** Exercise **
At the line with "延期通知 I FBC 2021中国国际门窗幕墙博览会再延期", start transcribing; stop after the last line of the data below. Keep it exact and leave pictures out.

** Data **

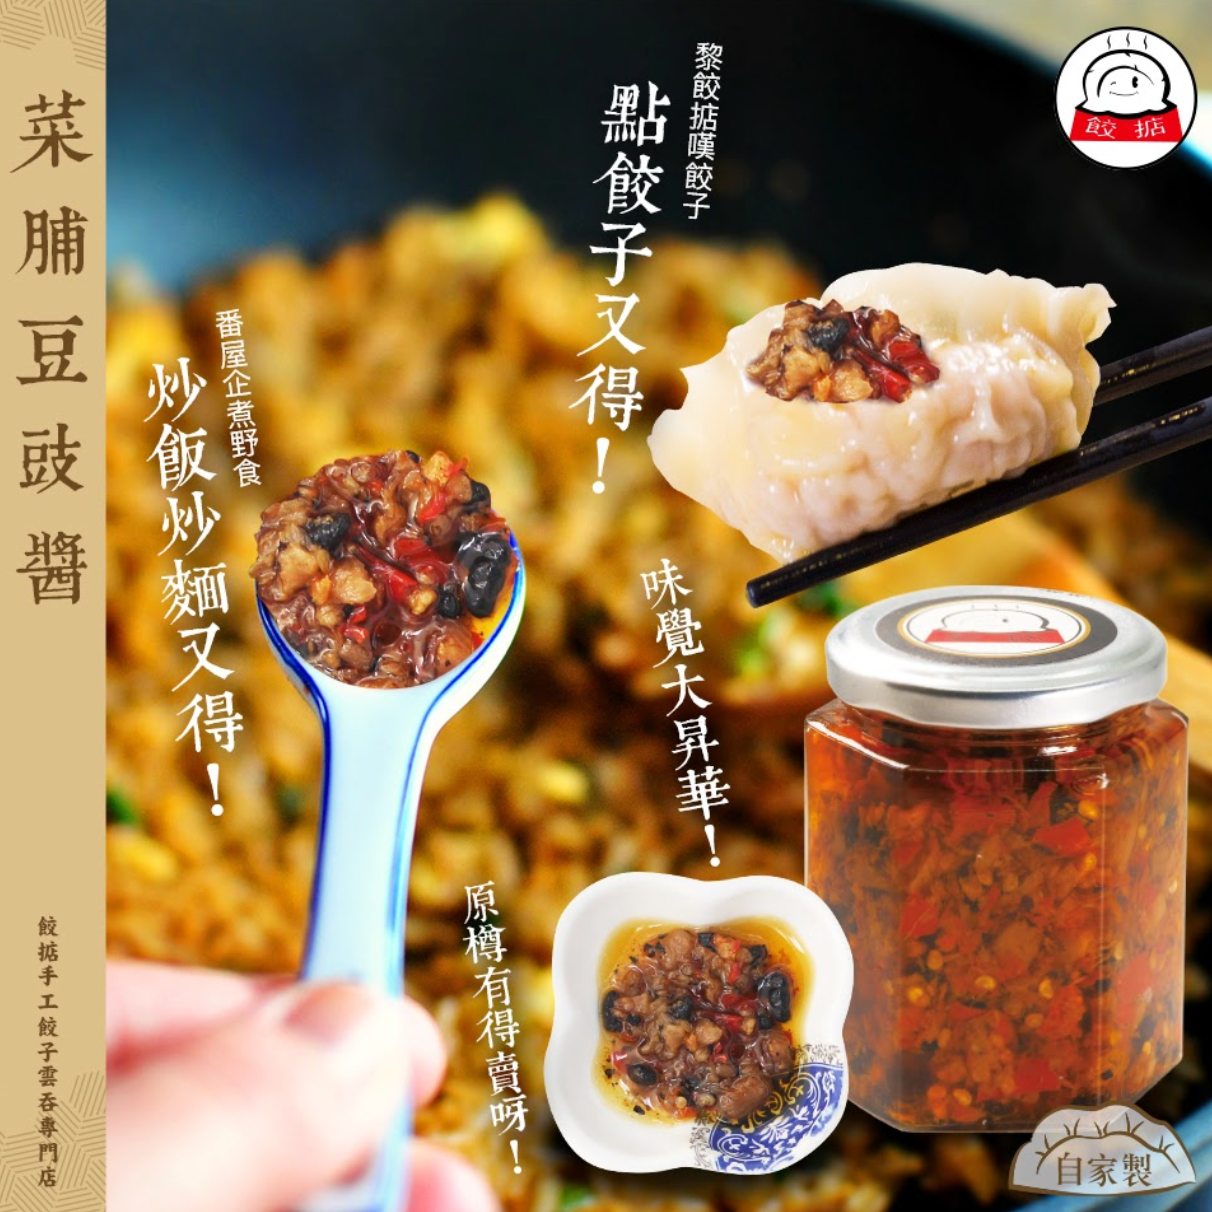 菜脯豆豉辣醬  Dried radish and ground bean spicy sauce 180ml
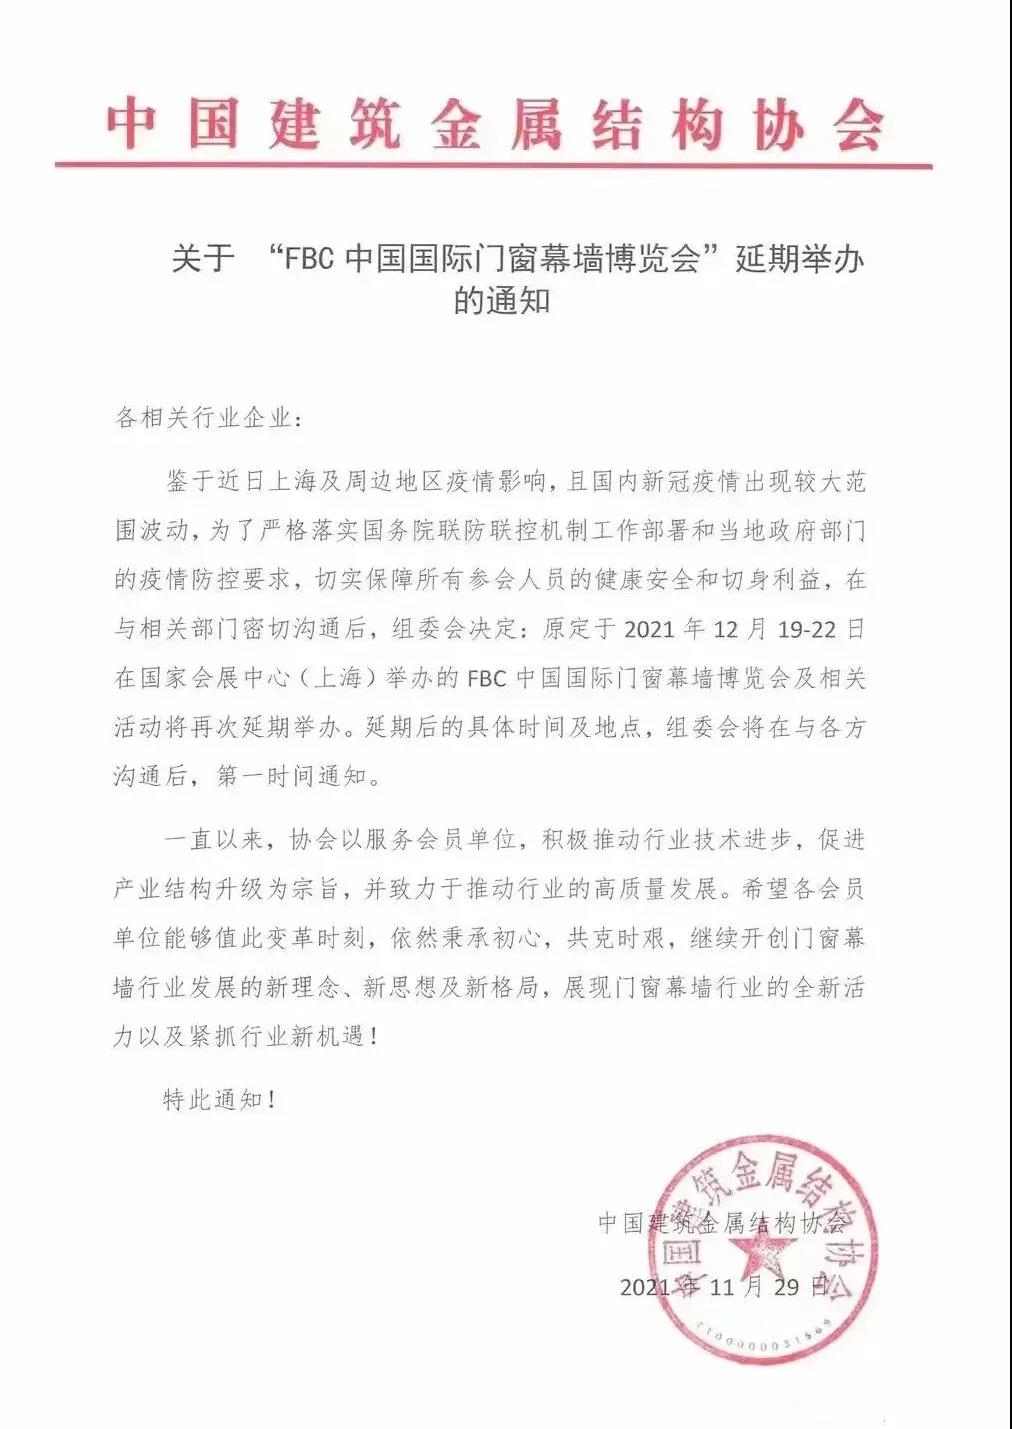 延期通知 I FBC 2021中国国际门窗幕墙博览会再延期
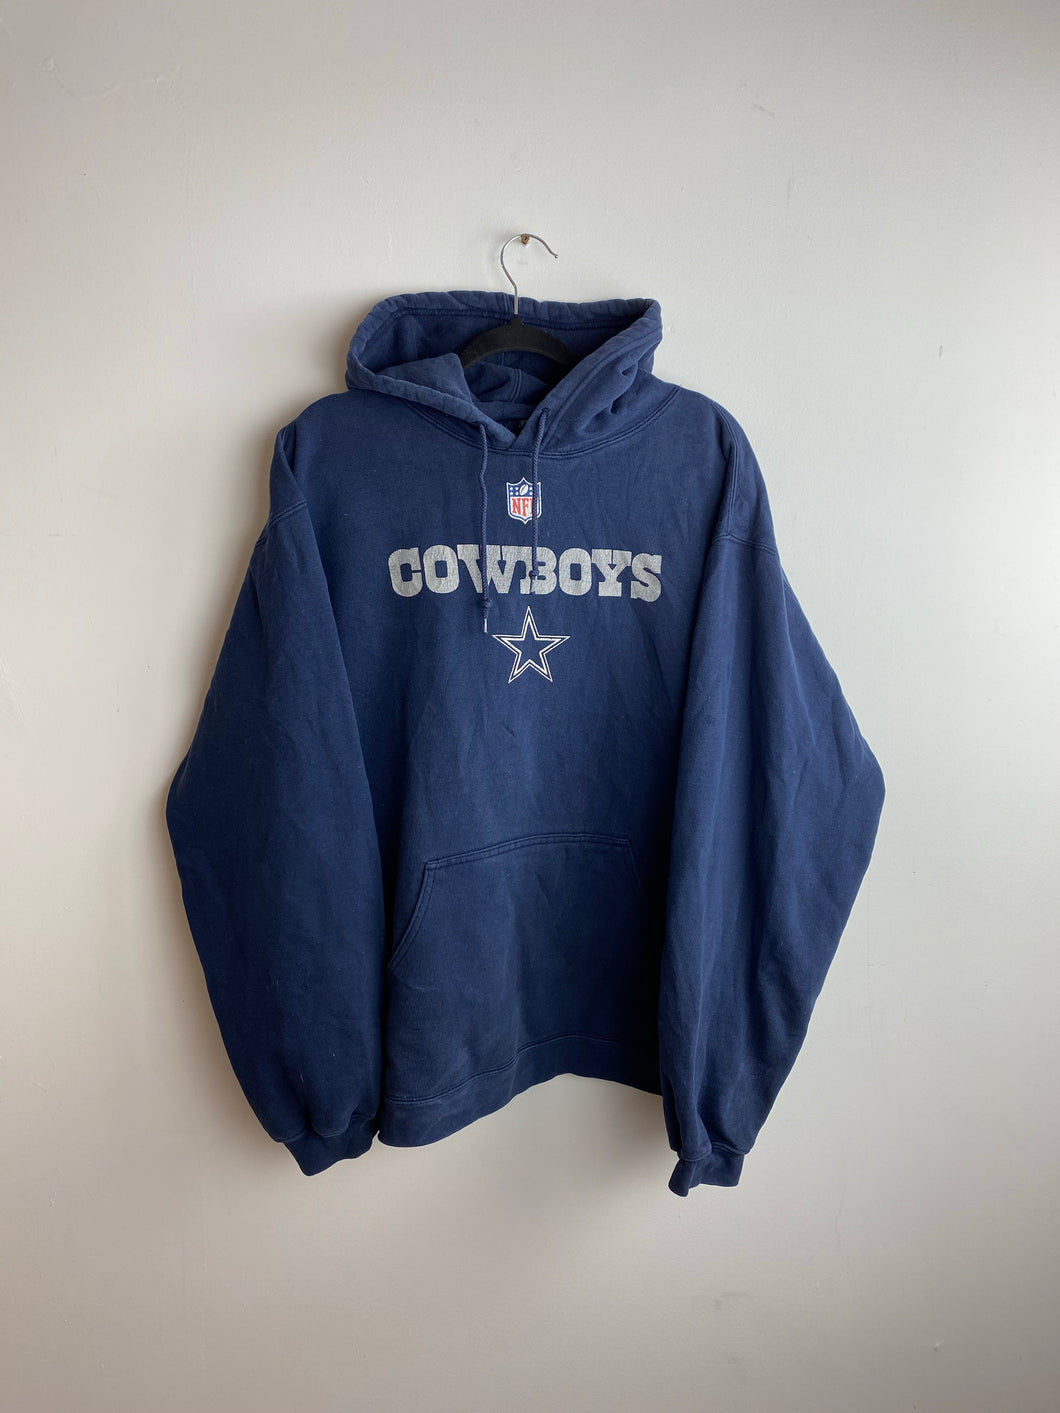 90s cowboys hoodie

** The answer **
 延期通知 I FBC 2021中国国际门窗幕墙博览会再延期
 90s cowboys hoodie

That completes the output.